Днем он чаще вспоминал о Гане Вольской — о миссис Эванс. И не о том «американском» ее облике, не о туалетах и брильянтах, даже пе о трагедии певицы без голоса, но о тепле и сердечности, которые она излучала, когда они оставались вдвоем. Сердечность их встреч была взаимной, так как оба они одинаково страдали от безжалостного одиночества. Образ Гани был конкретным и не растворялся в памяти, не исчезал в дымке; наоборот, все, что было связано с ней, ощущалось почти реально, и ему бы очень хотелось вновь увидеть ее. О Зосе Згожельской он старался не вспоминать; когда в памяти всплывало ее имя, когда он вспоминал ее маленькое, сморщенное от плача лицо, у него так щемило сердце, что он старался поскорее заглушить эту боль каким-нибудь недобрым чувством: раздражением или цинизмом.
Предметом его постоянных забот и размышлений,— а времени для этого у Януша хватало не только днем, но и ночью, так как он постоянно страдал бессонницей,— были его отношения с сестрой и Алеком. Не будь Спыхалы, эти отношения сложились бы легко и просто. Януш со страхом наблюдал за похождениями своего «незаконного» зятя и чем дальше, тем больше робел перед ним. Неизвестно почему, высокая фигура Казимежа и его поразительная худоба внушали Янушу беспокойство. Адась тащил в Коморов все варшавские сплетни, хотя они не интересовали Януша, передавал и слухи о Спыхале. Когда при таинственных обстоятельствах исчез один из генералов, занимавший высокий пост, и весь город бурлил возмущением, Адась, рассказывая об этом Янушу, связал имя исчезнувшего — по всей видимости, убитого — генерала с именем Спыхалы. Януш пытался отмахнуться от его слов, как от назойливой мухи. В связи с этой историей всплыло также имя Валерека... Януш не хотел даже слушать об этом и три месяца кряду не появлялся в Варшаве. И все же недобрые вести доходили до него. Спал он еще хуже обычного, а когда наконец засыпал, ему являлась Ариадна, стоящая на высокой лестнице, и он просыпался, вздрагивая так, будто издалека донесся манящий свисток локомотива.
Из этого состояния прострации его вывело известие, полученное от панны Теклы.
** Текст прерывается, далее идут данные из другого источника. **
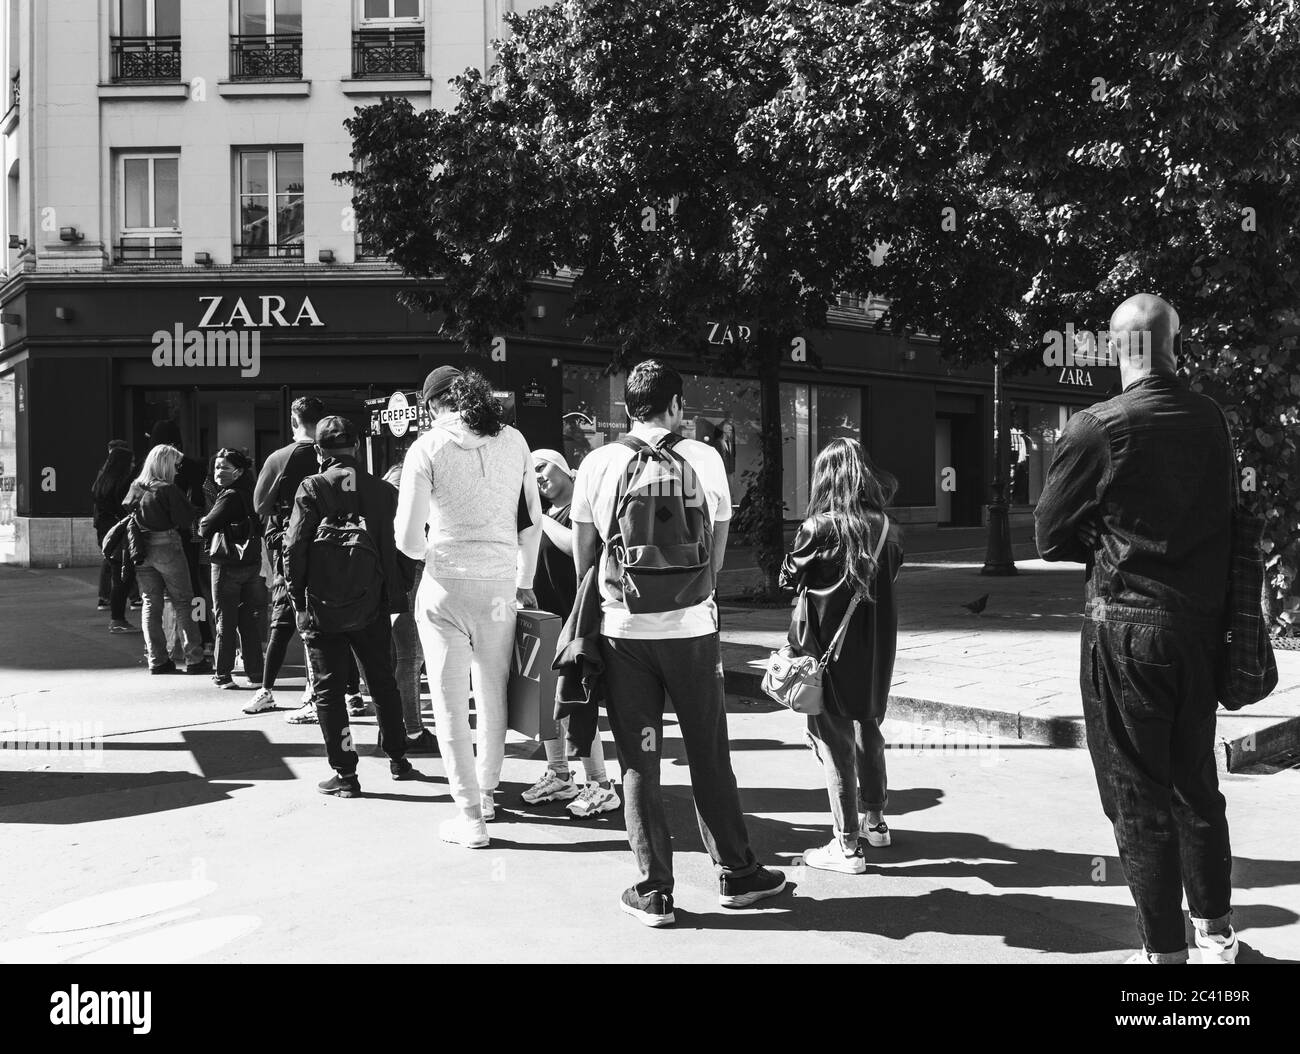 Paris, France - May 15, 2020: People wearing protective masks waiting in  line (keeping social distance) to enter Zara fashion store at Rivoli street  Stock Photo - Alamy

На Брацкой разразился первый скандал между четырнадцатилетним уже Алеком и Казимежем Спыхалой. Для повзрослевшего мальчика обстановка в доме становилась все более нервозной. Алек неизвестно через кого — чуть ли не через того же Адася Пшебия-Ленцкого — узнал, что мать пожертвовала Спыхале довольно значительную сумму из принадлежащих Алеку средств (сама-то она ничем не располагала). Алек приберег эту новость и до поры до времени ничего не говорил ни Спыхале, ни матери, которая наверняка поразилась бы, узнав, что Алек уже разбирается в имущественных делах. Для нее он все еще был «маленьким Алеком». Но при первом же случае, когда Спыхала за обедом сделал ему какое-то замечание, Алек учинил страшный скандал. Он даже сказал Спыхале:
— Это не ваш дом, и нечего делать мне такие замечания.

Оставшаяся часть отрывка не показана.